People's common attempts to control food and the desire to eat by trying out various kinds of diets, ends up triggering what brief strategic therapy describes as the control which inevitably leads to losing control.

This has recently led brief strategic therapy research to devise groundbreaking forms of interventions for bulimic, anorexic and vomiting patients.

 

Binge Eating:

Binge eating is an eating disorder which is characterized by the presence of long periods of abstinence from food alternated with overcontrolled diets, leading to situations of intensive transgression when the person gives into the pleasure of binging.

The person establishes an attempted solution of keeping control by abstaining from food, but this continuously striving to keep control is inevitably interrupted by a subsequent loss of control.

It's a paradoxical mechanism where the more the person forces herself to keep control over food, the more she ends up losing it, leading to further complicating the problem.

 

Anorexia:

Is undoubtedly the most studied eating disorder in scientific literature, given the alarming threat of starvation and death.

Our research and work has allowed us to avoid the often intimidating nosographic description of this disorder and to focus on a more operative description, giving us necessary information to overcome this disorder.

Anorexic patients are people who have mastered the art of manipulating their own bodies, are capable of living on extremely low amounts of food, often without realizing the decaying effect their abstinence is having on their health.

Although this type of disorder may require longer time for the intervention to consolidate its effects, brief strategic therapy is capable of breaking the rigidity of this pathology by respecting and utilizing the profound sensitivity these people often express.

Sometimes, people suffering from anorexia, like those suffering from vomiting disorders, refuse to go to therapy. In such cases, it is sometimes sufficient to start the therapy by carrying out an indirect intervention through close relatives.

 

Vomiting syndrome - Bulimia Nervosa:

Often patients with bulimic or anorexic tendencies discover that vomiting enables them to control their weight without having to give up the pleasure of eating.
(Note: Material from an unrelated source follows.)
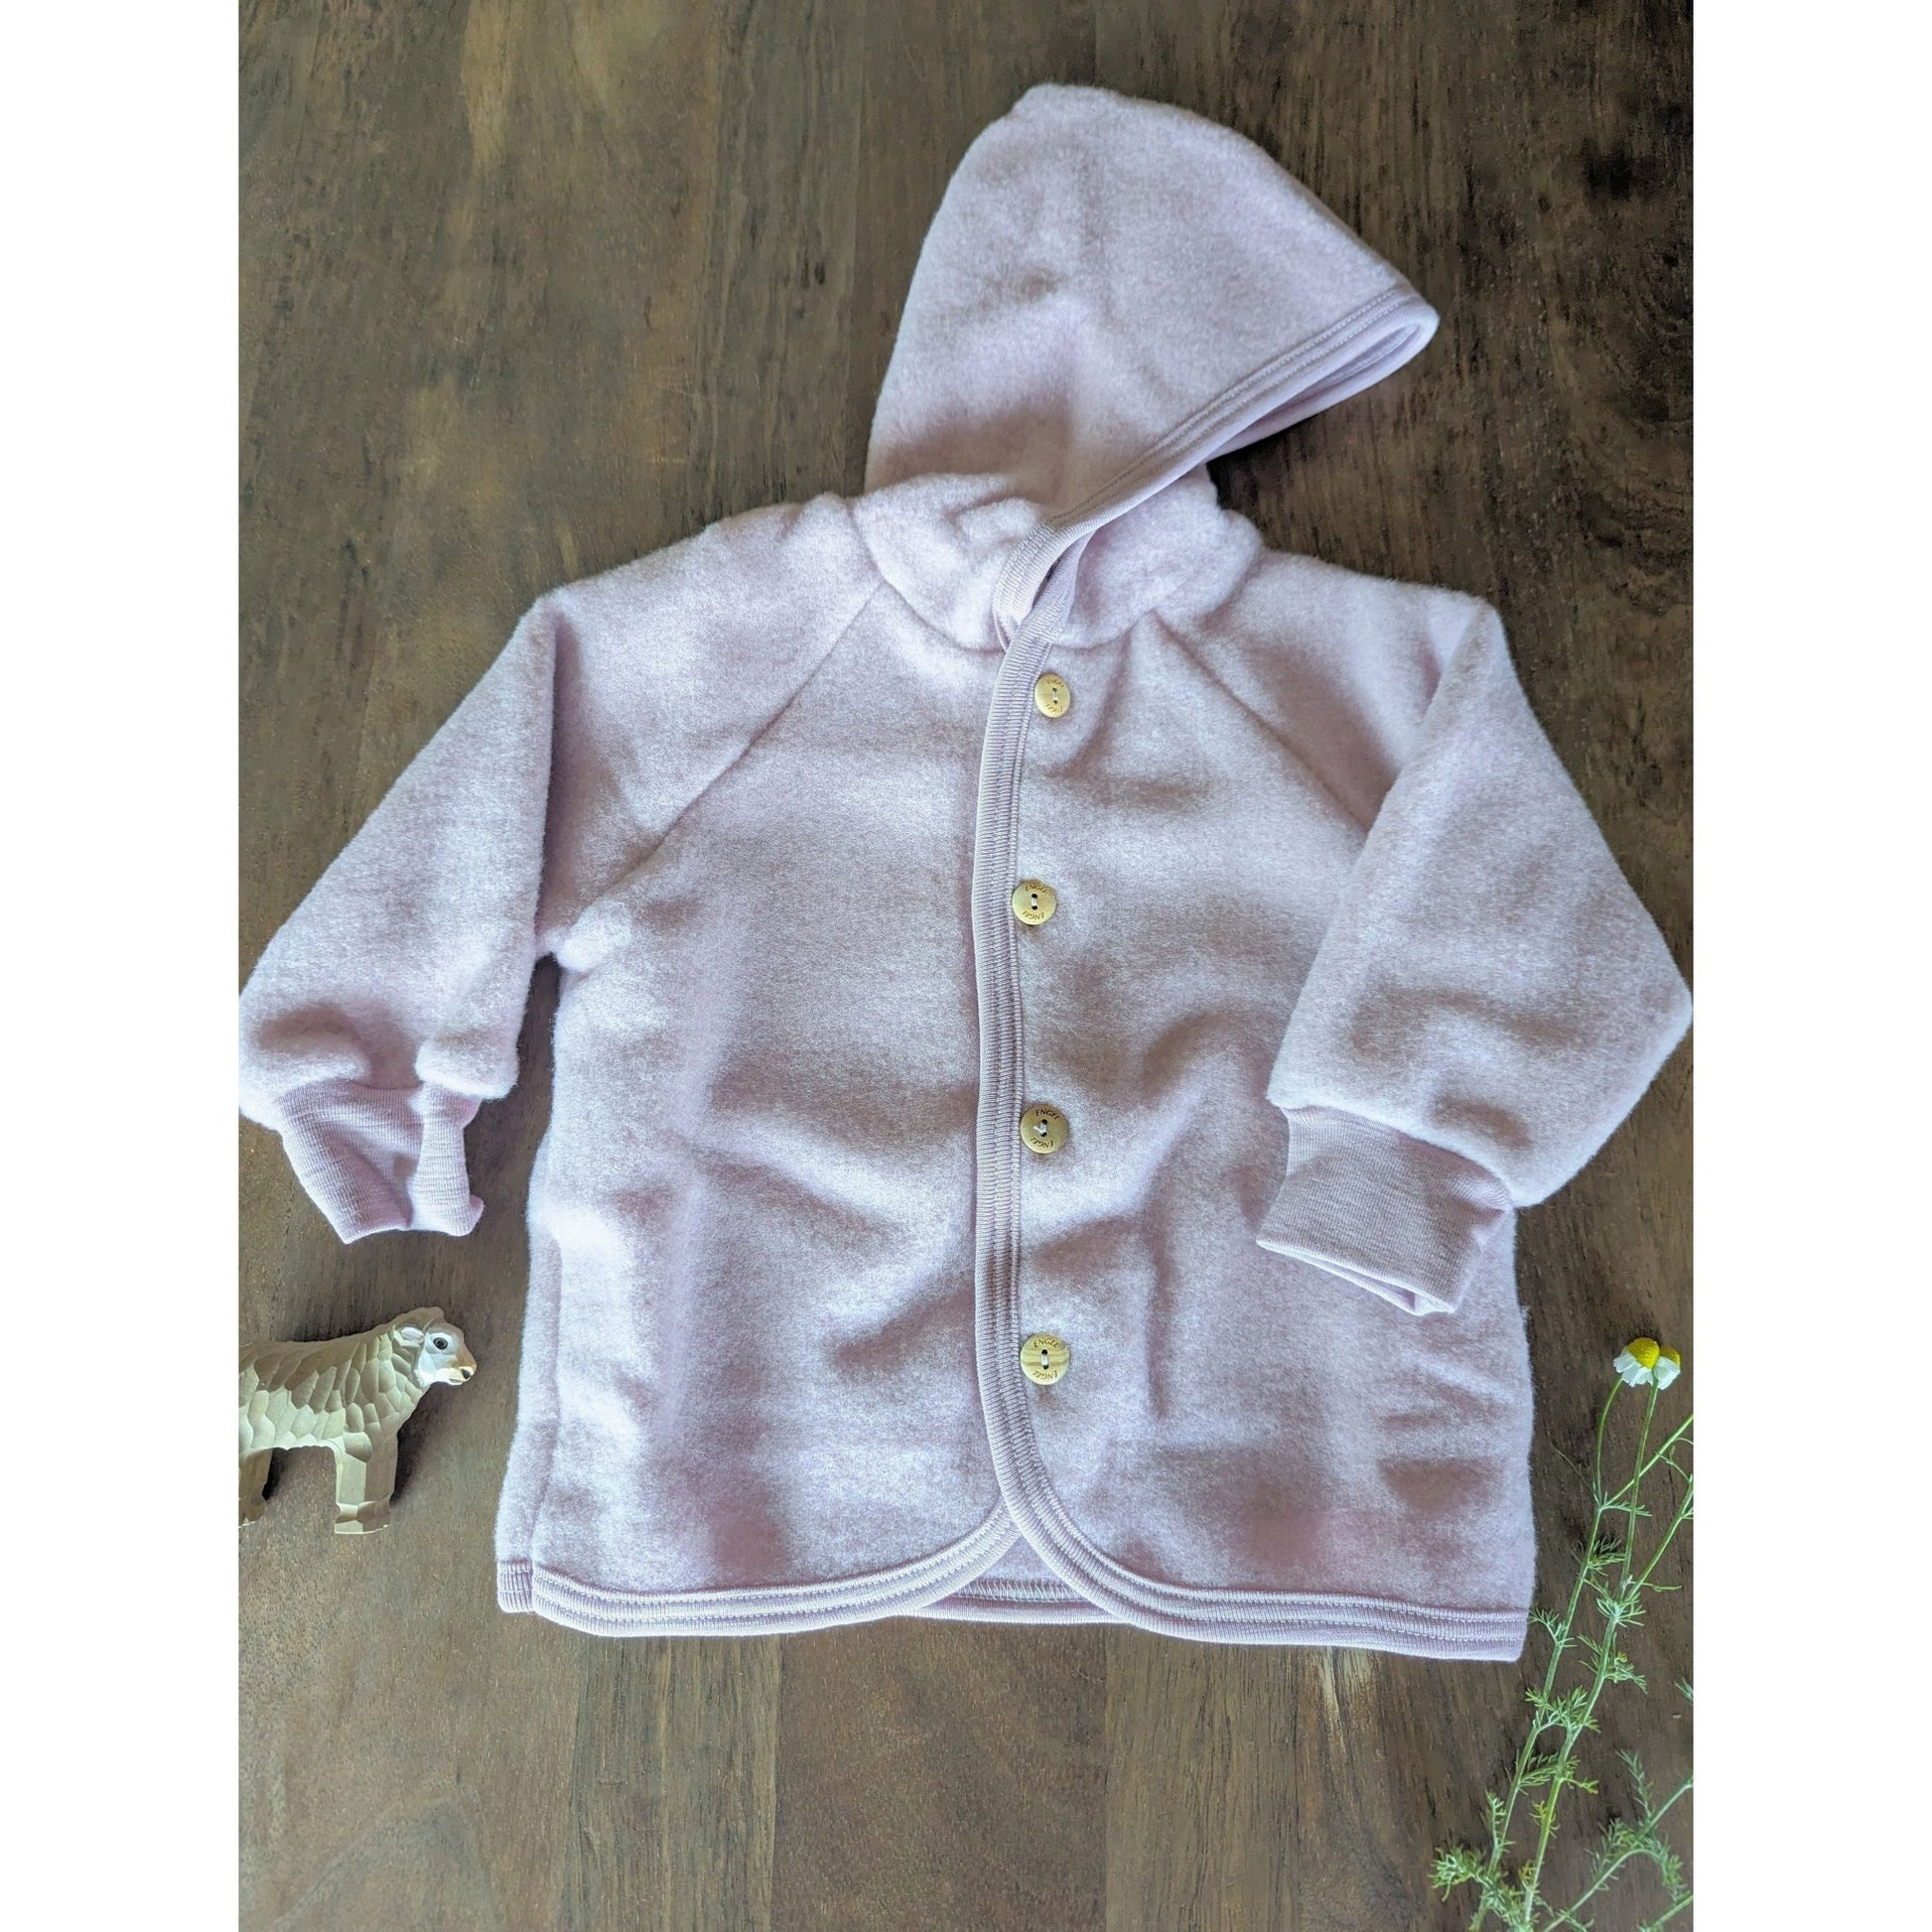 Organic Merino Wool Fleece Baby, Kids Jacket

Scientific literature still classifies vomiting disorder as a variant of anorexia and bulimia nervosa, nevertheless our empirical research has shown that vomiting disorder is based on a completely different structure and model of functioning.

Although bulimia (binging and gaining weight) and anorexia (abstaining from food in order to lose weight) form the basic matrix of vomiting disorder, when the latter takes over it loses all connections with the disorder that initially produced it (anorexia).

This revolutionary discovery has offered brief strategic therapy important operative information to design adequate instruments that follow the same logic of this disorder, leading to a more effective and efficient treatment.